Session hijacking usually refers to the ability to take over a network conversation between the client and the server. For example, a login process to your personal internet banking account, it is called a session that is valid for 15 minutes. In order for a session hijack to be successful, it must involves a passive monitoring process, called sniffing. The attacker must monitor and capture the packets passing through a given network first, before actively trying to inject a packet or frame to act as one of the communicating hosts.
Session hijacking is very similar to spoofing, except there is no guessing involved as all the necessary information are available to the attacker
What does “session hijacking” involve?
The combination of “passive” and “active” actions refers to interception and injection. It allows an attacker to avoid password protections by taking over an existing connection once authentication is completed. This bypass the authentication process, allowing them to perform any action on that system.
An example from sciencedirect.com : For example, if I am sniffing your network, I might be aware that you have a Telnet session between your network management system on address 10.0.0.1 and your key system 10.0.0.100. If I send a series of packets to the NMS on 10.0.0.1 that causes you to drop the connection but at the same time continue to send packets to 10.0.0.100 with a spoofed address of 10.0.0.1, I have hijacked the session.
Why is “session hijacking” a successful cyber-attack option?
Weak session-ID generation algorithm/small session IDs: Most websites use linear algorithms to predict variables such as time or ip address for generating session IDs
Indefinite session-timeout: Session IDs with an indefinite expiration time allows an attacker with unlimited time to guess a valid session ID. The attacker uses static-session IDs ( similar to the “remember me” option ) to the user’s web account after capturing user’s cookie file.
Countermeasures do not work without encryption: Sniffing session ID is easy on a flat network if transport security is not set up/configured properly. During transmission of session ID cookies, the web application needs to use proper SSL encryption, but an attacker could bypass the encryption to capture the session IDs containing the actual logon information through sniffing.
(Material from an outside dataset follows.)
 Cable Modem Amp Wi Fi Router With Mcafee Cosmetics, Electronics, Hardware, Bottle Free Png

Insecure handling of session IDs: An attacker can retrieve the stored session-ID information by misleading the user’s browser into visiting another site. Before the session expires, an attacker can exploit the information in many ways, such as DNS poisoning, Cross-site scripting (XSS) exploitation and etc.
Computers using the TCP/IP protocol are more vulnerable: All machines running TCP/IP are vulnerable to session hijacking because of the design flaws inherent in the TCP/IP protocol
No account lockout for invalid session IDs: If the website configuration does not implement account lockout, the attack will have unlimited tries to connect with varying session IDs embedded in a genuine URL. This is similar to the concept of a brute force attack.
Session Hijacking Process
1 – Tracking/Tracing the connection/Monitor
The attacker then finds an active session between the target and another machine and places himself between them. Using a sniffer like Wireshark, he captures the traffic and tries to gather information about the session. He then monitors the traffic for vulnerable protocols like HTTP, telnet, rlogin, etc., and tries to find any valid authentication packets passing through.
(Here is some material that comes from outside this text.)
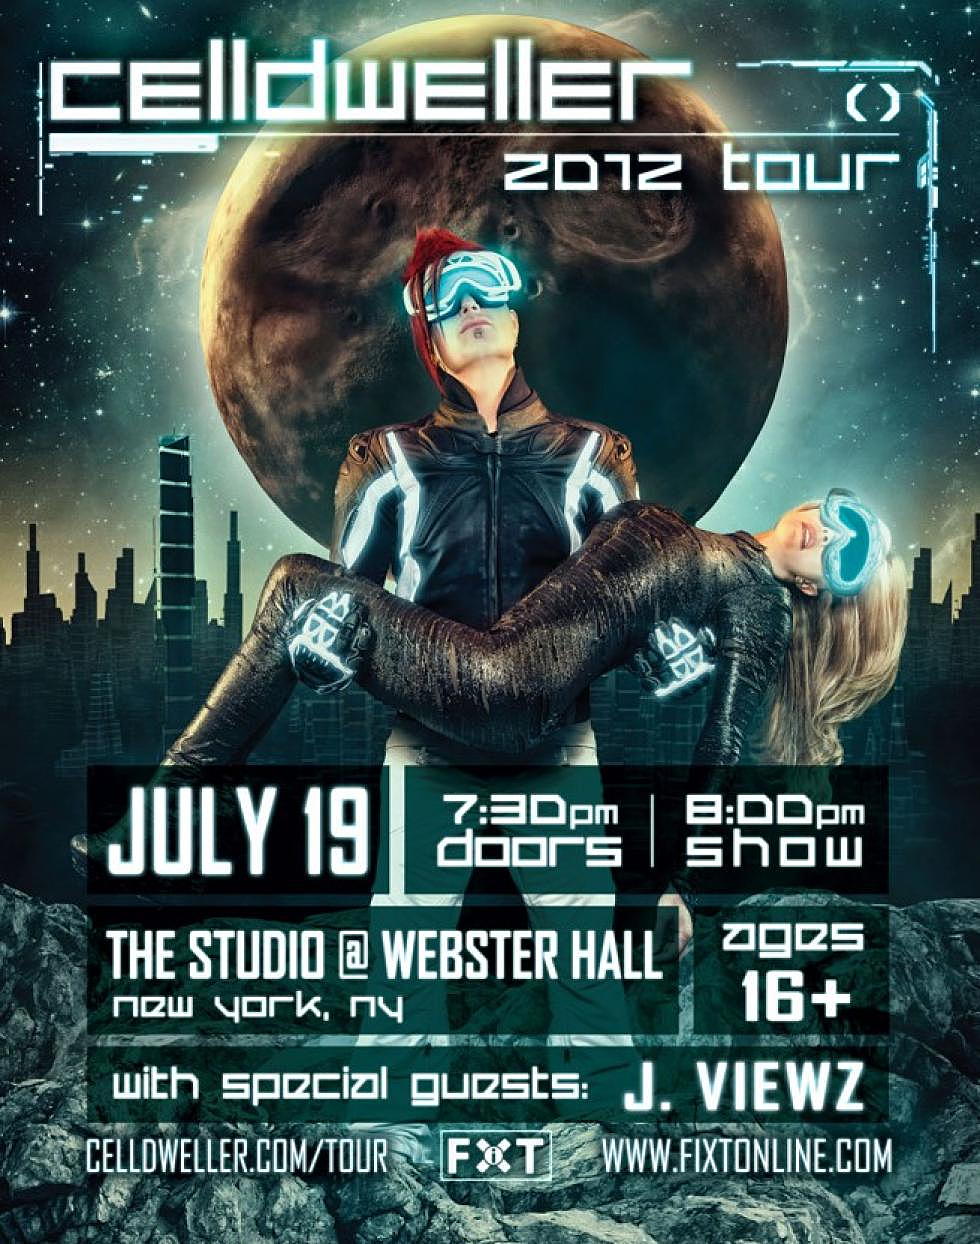 Celldweller at Webster Hall July 19th

2 – Desynchronizing the connection
The attacker tries to predict the session id using available information. Now that a target has been chosen, the next step in the session hijacking process is sequence number prediction. Sequence number prediction is a critical step because failing to predict the correct sequence number will result in the server sending reset packets and terminating the connection attempt. If the attacker guesses the sequence numbers wrong repeatedly, the likelihood of detecting the attack increases.
In application-level hijacking, active attacks are pursued to steal the session Id. Man in the middle attack, cross-site scripting, sniffing are used to steal the session id.
Once a session is chosen and sequence numbers predicted, one of the targets has to be silenced. This is generally done with a denial of service attack. The attacker must ensure that the client computer remains offline for the duration of the attack, or the client computer will begin transmitting data on the network causing the workstation and the server to repeatedly attempt to synchronize their connections; resulting in a condition known as an ACK storm.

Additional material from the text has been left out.